Gang member reforms after converting to Islam

By Abby Lee April 23, 2010

A former Latino gang member told a story to a group of UH students Tuesday of how converting to Islam saved his life, and he described why Latinos are more likely to convert to Islam.

As part of Islam Awareness Week, the Muslim Student Association welcomed Mujahid Fletcher, who moved to Houston from Colombia at age 8.

Starting in middle school, Fletcher led a troublesome life after he began his own gang based on self-defense.
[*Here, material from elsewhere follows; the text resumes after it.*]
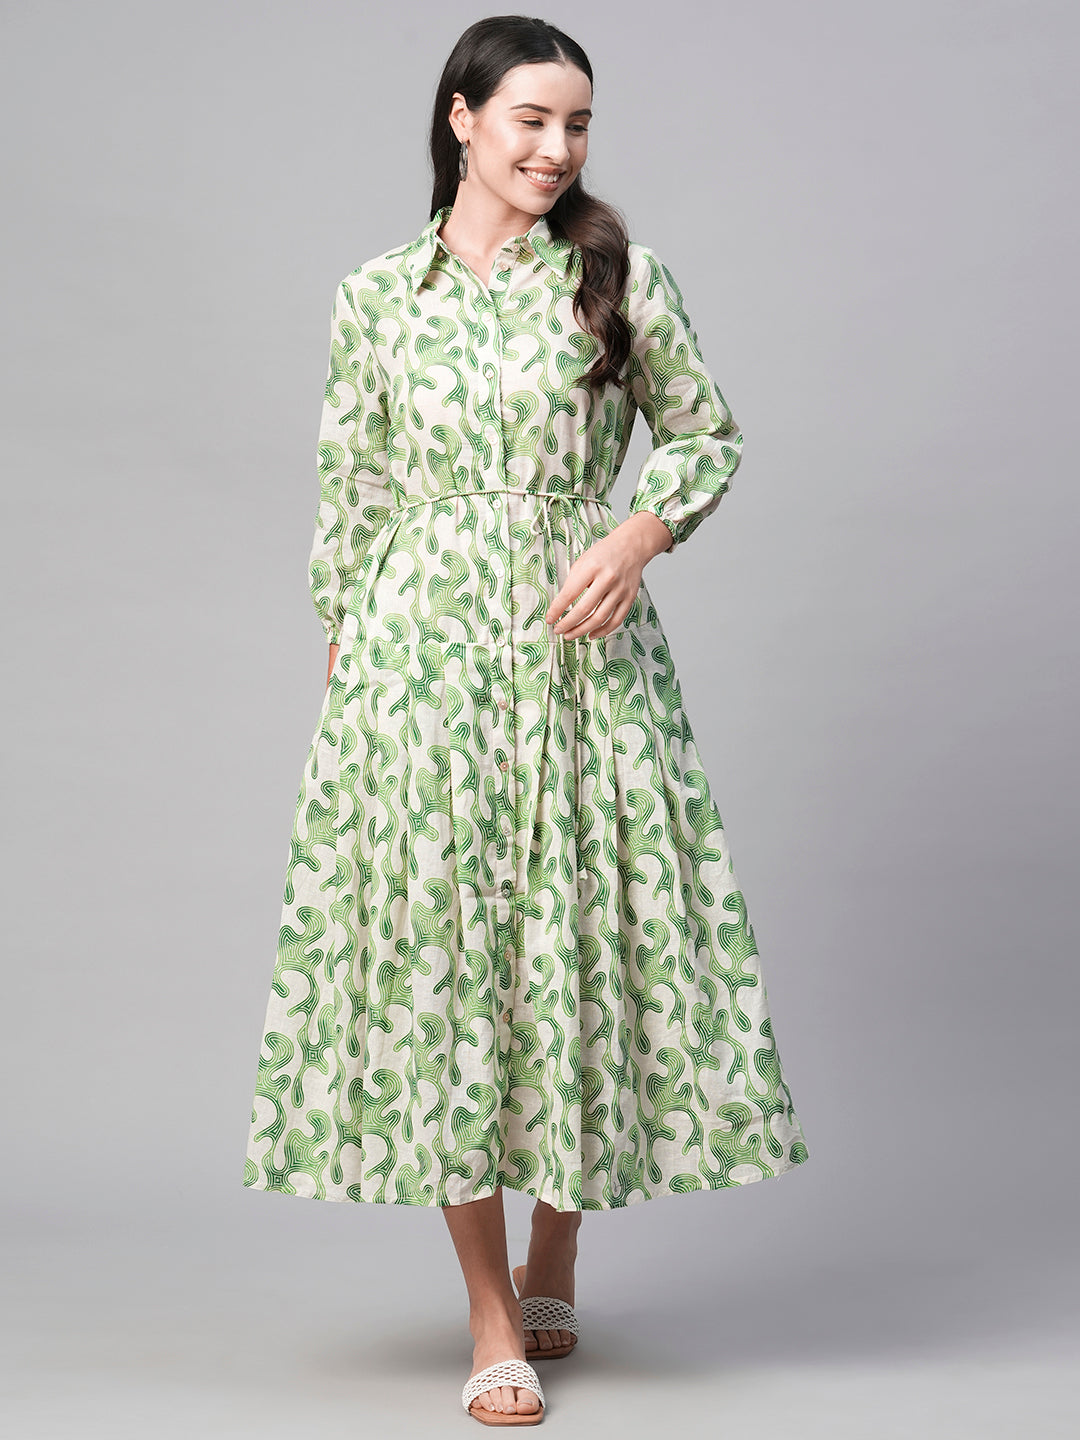 Cotton Dresses for Women - Saffron Threads

“If it weren’t for Islam and their rehabilitation of the Islamic lifestyle, I don’t even know if I’d be here today,” he said. “I may be in jail, or I may be dead. I used to have people calling my house and telling my mother at three in the morning that they were going to kill me.”
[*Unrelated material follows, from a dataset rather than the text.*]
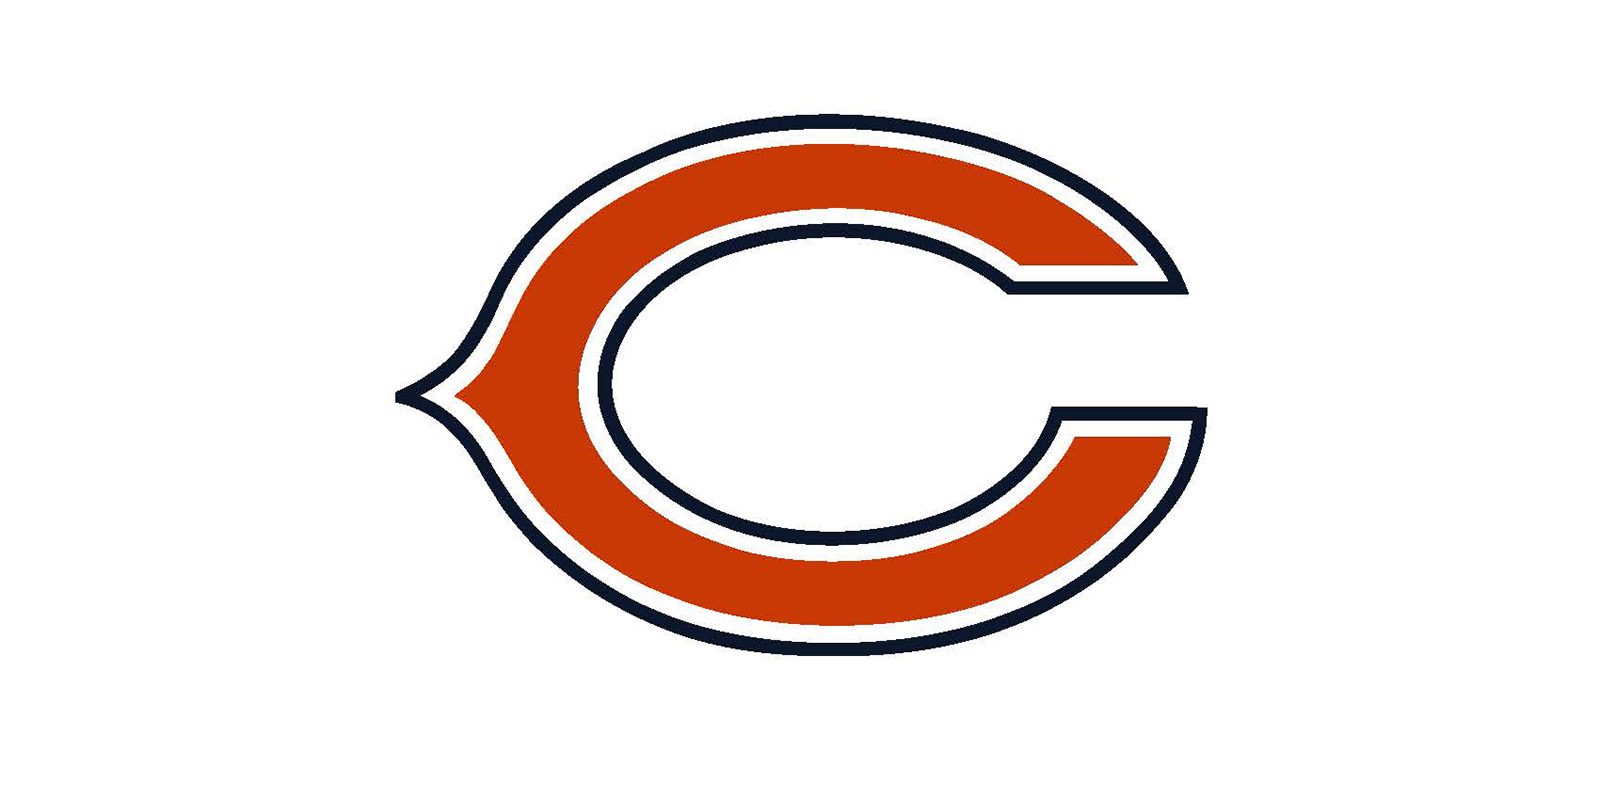 Olivet_Chicago Bears_Training Camp 2018_Web.jpg

Mujahid said that these phone calls came when he was between 13 and 16 years old.

Believing Fletcher’s future was in peril, his mother sent him to school in Colombia. Surrounded by a different group of people, Fletcher excelled in school. When he returned to Houston years later, he longed for the slower pace of life in Colombia.

However, he soon began to fall into the same habits that got him in trouble many times before. He knew it was time for a change.

After many years of living a fast-paced life, Fletcher began reading about Kabbalah and Buddhism and even his own religion, Catholicism, but he said he found “holes” in them. With his father’s encouragement, he began searching for life’s meaning.